# Boyfriend, Pot & Dismissal



## Arctic (Nov 9, 2013)

I've been dating this guy for 5 years, When I started going out with him I never knew he did pot, When I found out I never really thought about it cause he only did it occasionally and never around me but then he started getting money and hanging out with old friends unfortunately it started to become very noticeable and I ended up telling him it was either me or the weed and obviously he went with me. Now 2 years later here I am and he moved out of his parents house in with his "friend" this "friend" of his smokes pot EVERY day and has severe aggression problems when he doesn't get it, anyways he's started doing it again and he won't listen to my concerns and just blows me off all the time and yesterday was his b-day I told him I'd be down at this time I get there and he's been smoking pot the moment he opened the door it came rushing out so I gave him his gift(I wanted to smash it) and I walked out. He called me said you want to go out for dinner but that's embarrassing to walk around with someone smelling like that. Now we aren't speaking and I'm starting to wonder should I pursue this relationship anymore or should I be walking away. He won't listen and he just tells me I'm brainwashed but I have an expectation for my life and I plan to have my life that way and theres no room for pot or someone who does it. I can do the whole it's me or the pot again but would that be fair? I can live with it if he promises me he'd never do it again when we buy a house together but I can't live with him if that's what he wants to do with his life. Can't & Won't. Who has some advice on how to approach this subject without him shutting me out and down?


----------



## pidge70 (Jan 17, 2011)

Don't you have a thread stating you are married?
_Posted via Mobile Device_


----------



## EleGirl (Dec 3, 2011)

How old are the two of you?

He is not going to change. What you see is what you get. 

Your bf is not he person you want him to be. You cannot change him.


Arctic said:


> Who has some advice on how to approach this subject without him shutting me out and down?


The only thing you can do is to set clear boundaries for yourself.
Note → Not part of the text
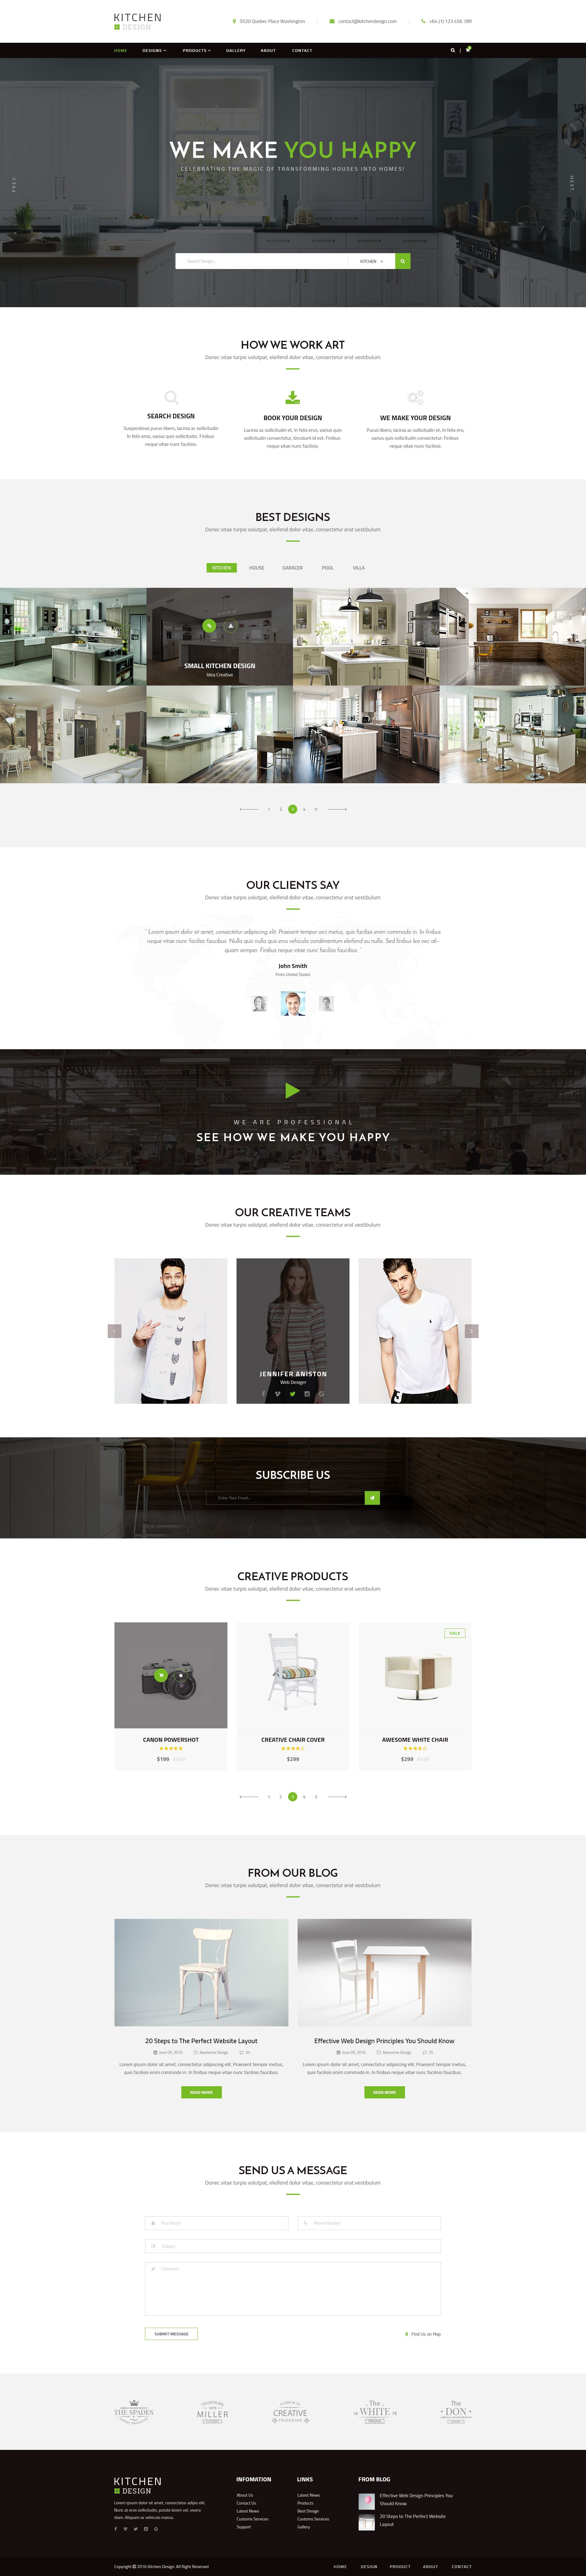 Kitchen   PSD Template   Psd templates, Interior design website ...

And if he continues to cross your boundaries then you stop seeing him.

So you say something to him like: “I am not willing to have a relationship with a pot head. If you ever decide to give it up and are clean for 6 months I’ll consider dating you. Until then, don’t contact me.”

Then you have to stick by it.


----------



## janesmith (Nov 29, 2010)

You accepted it even thought you didn't like it. He continues to smoke and you are still his girlfriend. You threatened to leave and didn't. He is reacting to what you are doing, not what you are saying because you don't mean it. You say you don't like something and then you continue to tolerate it being done to you. Your actions say this is not a deal breaker for you. It it were you wouldn't still be in a relationship with you. He doesn't have a problem. He is fine the way his life is. No you...have a decision to make.


----------